START Exercise materials

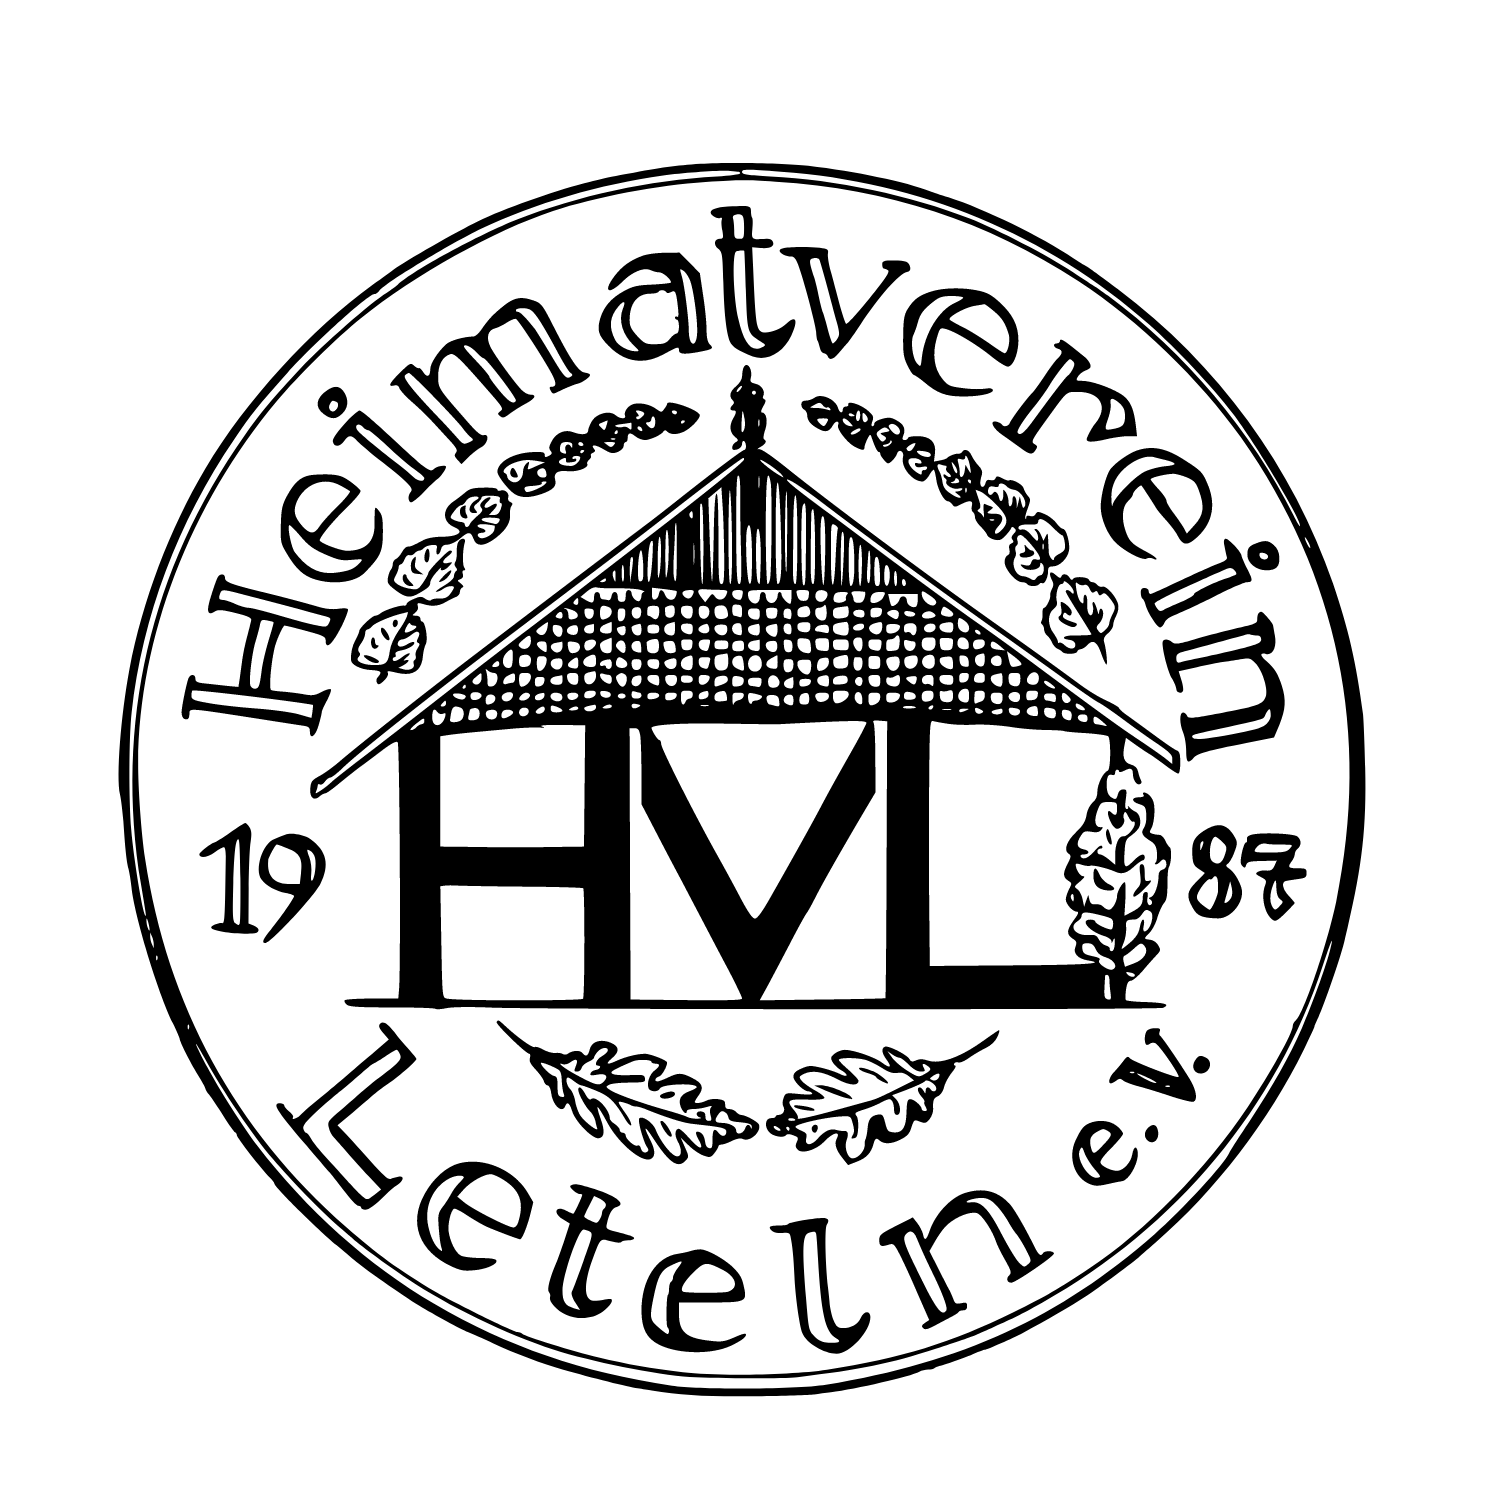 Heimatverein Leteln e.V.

END Exercise materials
START Exercise materials

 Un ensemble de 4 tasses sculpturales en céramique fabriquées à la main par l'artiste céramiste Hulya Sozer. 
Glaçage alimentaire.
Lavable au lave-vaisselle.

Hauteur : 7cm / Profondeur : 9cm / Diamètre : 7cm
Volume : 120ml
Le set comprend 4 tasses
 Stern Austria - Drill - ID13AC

END Exercise materials

What lines above contain the word "tasses"? Return each such line.

 Un ensemble de 4 tasses sculpturales en céramique fabriquées à la main par l'artiste céramiste Hulya Sozer. 
Le set comprend 4 tasses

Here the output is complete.